Revenant au sujet personnel, Hustvedt a conclu en faisant le point avec amour sur sa relation avec son mari. Dans les derniers jours avant le dénouement final, quand Auster ne pouvait plus parler mais pouvait encore l’entendre, ce qui lui semblait le plus important, c’était à quel point ils s’amusaient ensemble. « Nous avons passé un si bon moment« , a souligné l’écrivain. « Comment était-ce d’être marié à Paul Auster ? « C’était amusant », a-t-il déclaré avant que le public ne se mette à applaudir.

La connexion espagnole

Grâce à cette chance sur laquelle Auster a travaillé si dur dans ses livres, lui et Hustvedt se sont rencontrés la nuit même où le coup d’État du 23F a été perpétré dans ce pays, et ils ont toujours maintenu un lien fort avec l’Espagne. Les deux ont pris le relais Prix ​​Prince et Princesse des Asturies de littératurerespectivement en 2006 et 2019, y a effectué de fréquentes visites et maintenu des contacts avec des amis.

l’un d’eux était Pedro Almodóvarqui n’a pas pu être au Círculo de Bellas Artes ce lundi car il est à Londres pour présenter son nouveau film. Marta Fernández a lu une lettre envoyée par le réalisateur dans laquelle il racontait comment il avait rencontré Auster au festival de Cannes en 1997 et qu’il était presque incapable d’articuler un mot à cause de son anglais ringard de l’époque et à quel point cela l’intimidait. après l’avoir rencontré ébloui avec sa ‘New York Trilogy’. La prochaine fois qu’il l’a vu, au même festival français, il a trouvé le réalisateur également affecté par le mauvais accueil de son film « Lulu sur le pont », mais ils ont pu discuter et mieux se connaître. Dès lors, ils entretinrent une amitié ce qui s’est traduit par des rencontres dans sa maison avec Hustvedt à Brooklyn ou lors des avant-premières des films du cinéaste de La Mancha au Lincoln Center, où « Siri est devenue mon neurologue personnel parce que nous souffrons tous les deux de migraines ».
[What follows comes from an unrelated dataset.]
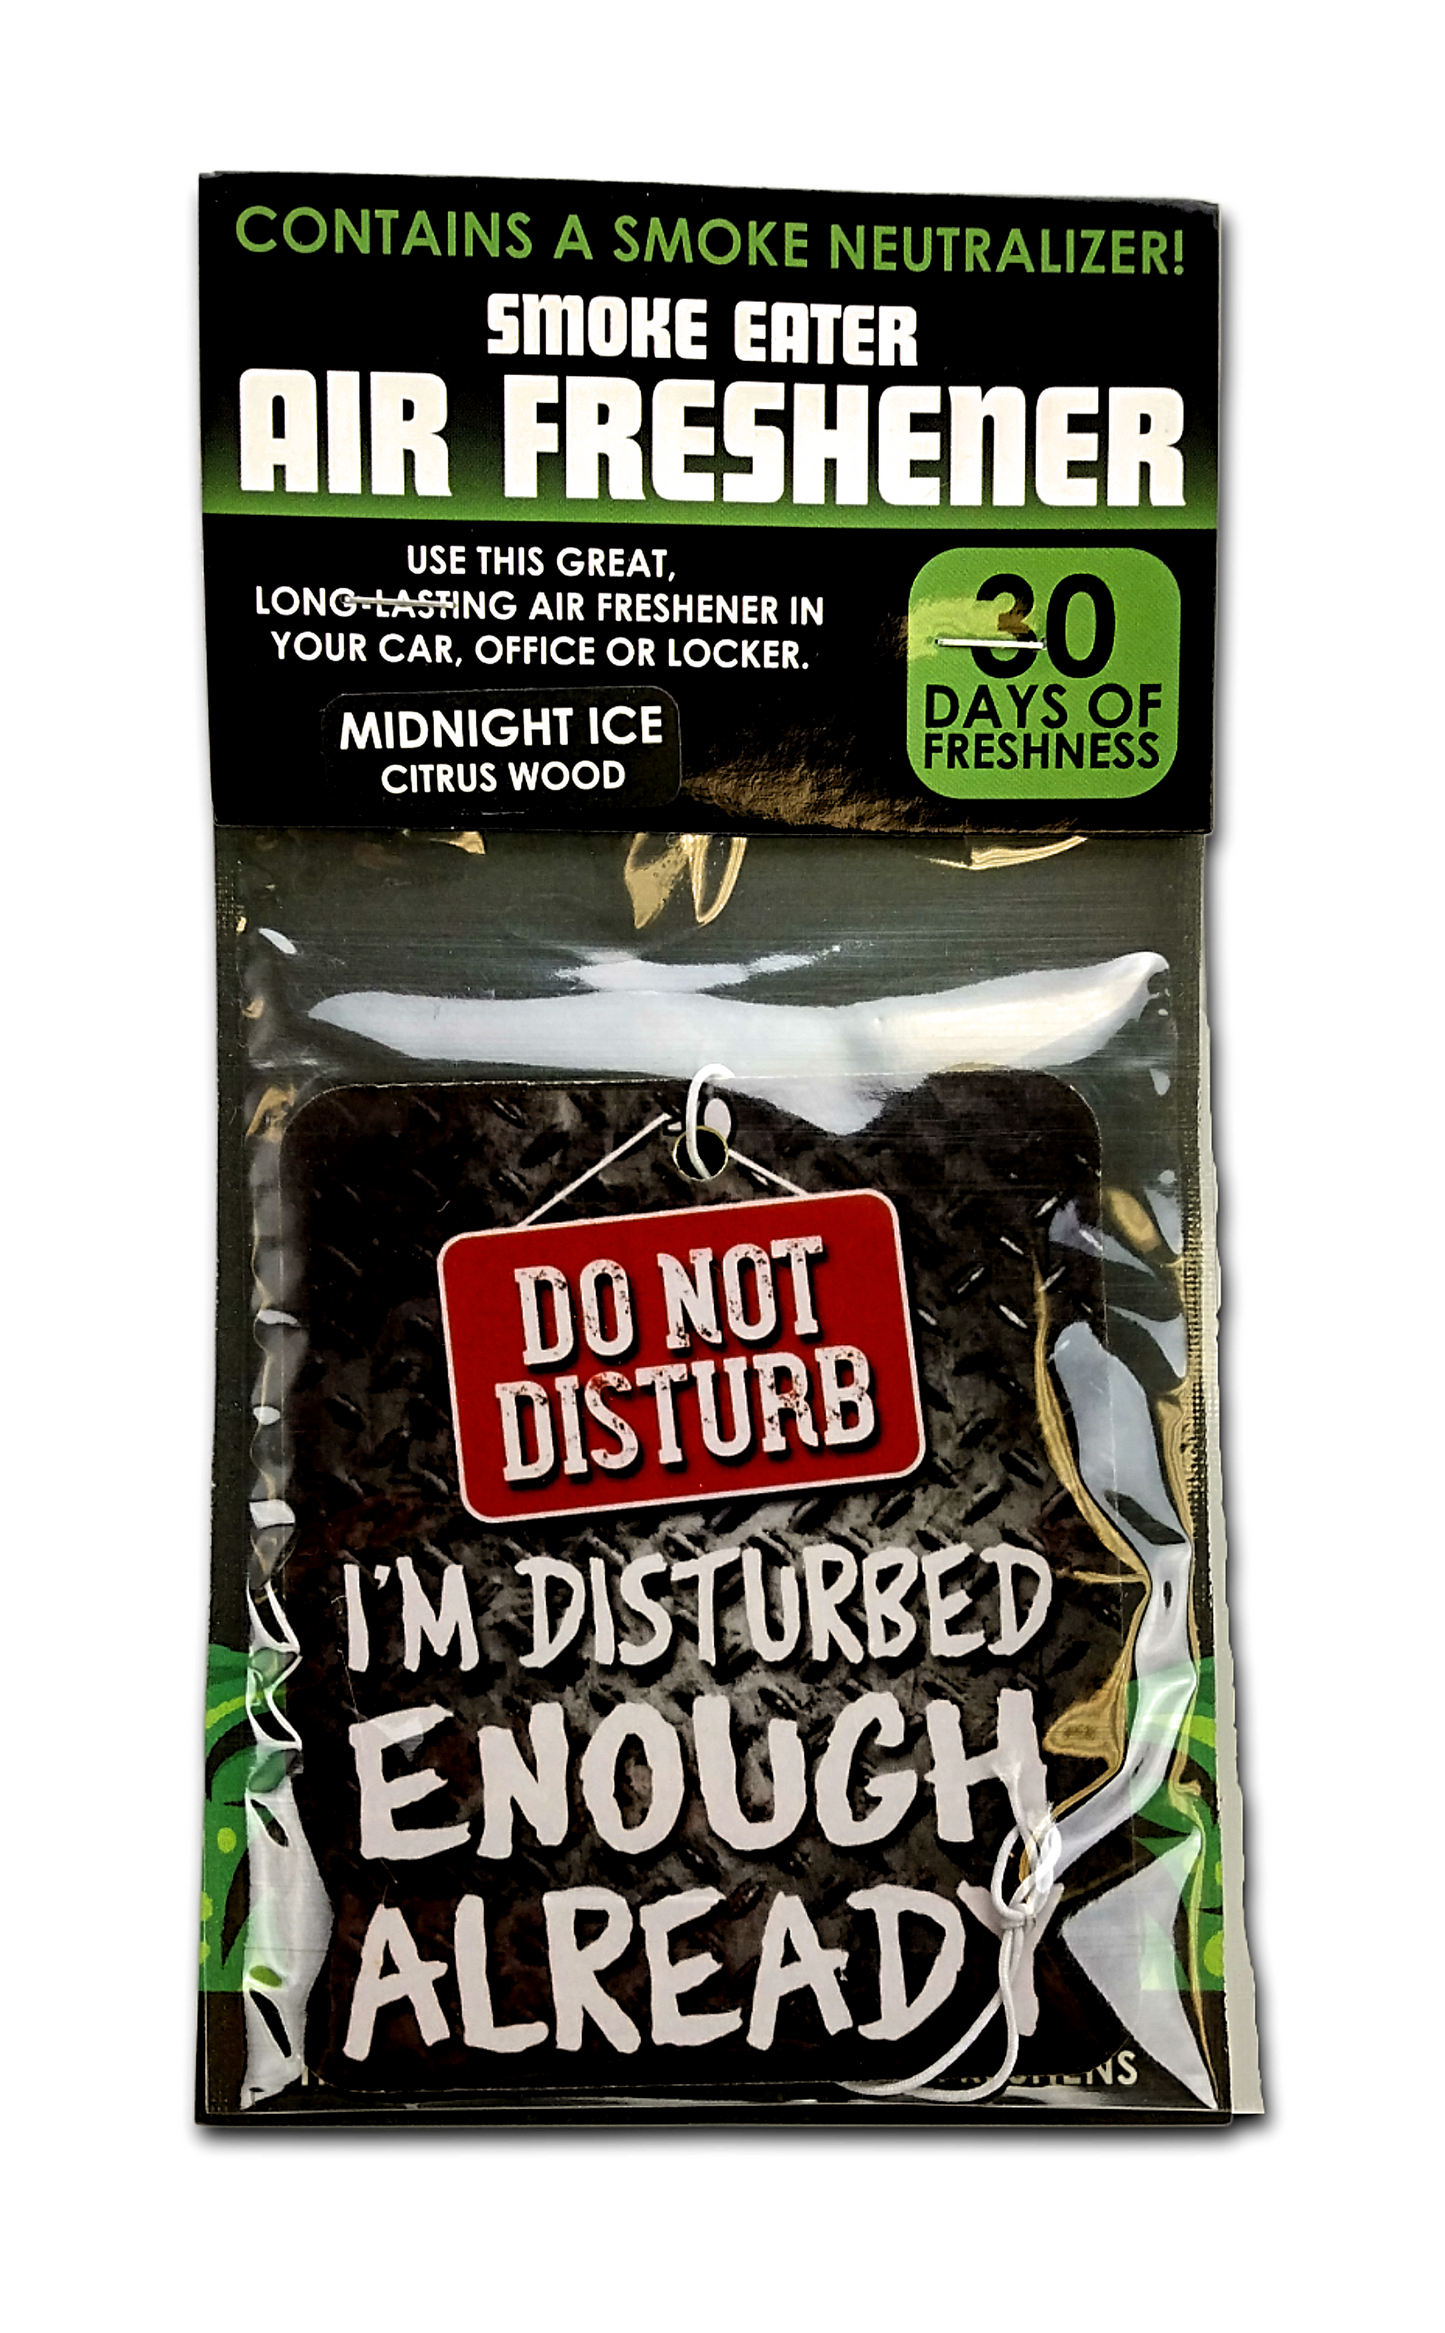 Smoke Eater Air Freshener

Vila-Matas s’est également rendu à plusieurs reprises dans ce « brownstone » de Brooklyn et, avec son style très personnel, il a évoqué la première fois où il est allé dîner et s’est senti « comme s’il allait chez Scott et Zelda Fitzgerald ». « J’étais heureux à New York et déjà chez Paul et Siri je me sentais complètement heureux. Mais j’ai bâillé », a rappelé l’auteur catalan pour le plus grand plaisir du public. « Tout cela était dû au ‘décalage horaire’. Quand j’ai réussi à contrôler mes bâillements, une inquiétude très sérieuse m’a envahi. Il était deux heures du matin et je me suis dit : ‘Je suis à Brooklyn, comment vais-je y arriver ?’ retour à Manhattan ?’. J’avais l’impression d’être dans ‘La trilogie new-yorkaise’. Quand j’ai expliqué ce problème, Paul m’a proposé la solution la plus simple au monde : ‘Ne t’inquiète pas, nous allons commander un taxi.’ Et c’est ainsi que mon inquiétude s’est apaisée. » Encore un rire du public.

Inés Martín Rodrigo a dit, dans la lignée de ce que Hustvedt, qu’elle connaît bien pour l’avoir rencontré à différentes occasions, avait dit que « nous essayons tous de nous consoler en pensant qu’Auster est toujours vivant dans ses livres, mais cela risque de devenir cela une chose tellement odieuse que les clichés le sont bien sûr. Nous continuerons à lire Auster, mais le plus dur est la certitude absolue que nous ne lirons pas un nouveau livre de Paul Auster.« . Et David Trueba a évoqué la même chose en plaisantant en se souvenant d’un autre illustre New-Yorkais, Woody Allenqui a déclaré : « Je ne veux pas vivre dans la postérité, je préférerais continuer à vivre dans mon appartement à New York ». Auster préférerait sûrement aussi continuer dans cette bibliothèque de la maison où, comme sa femme l’avait rappelé quelques temps auparavant, il avait décidé de passer les dernières heures de sa vie réuni avec ses proches. Mais au moins, ce lundi, la Salle des Colonnes du Círculo de Bellas Artes ressemblait beaucoup.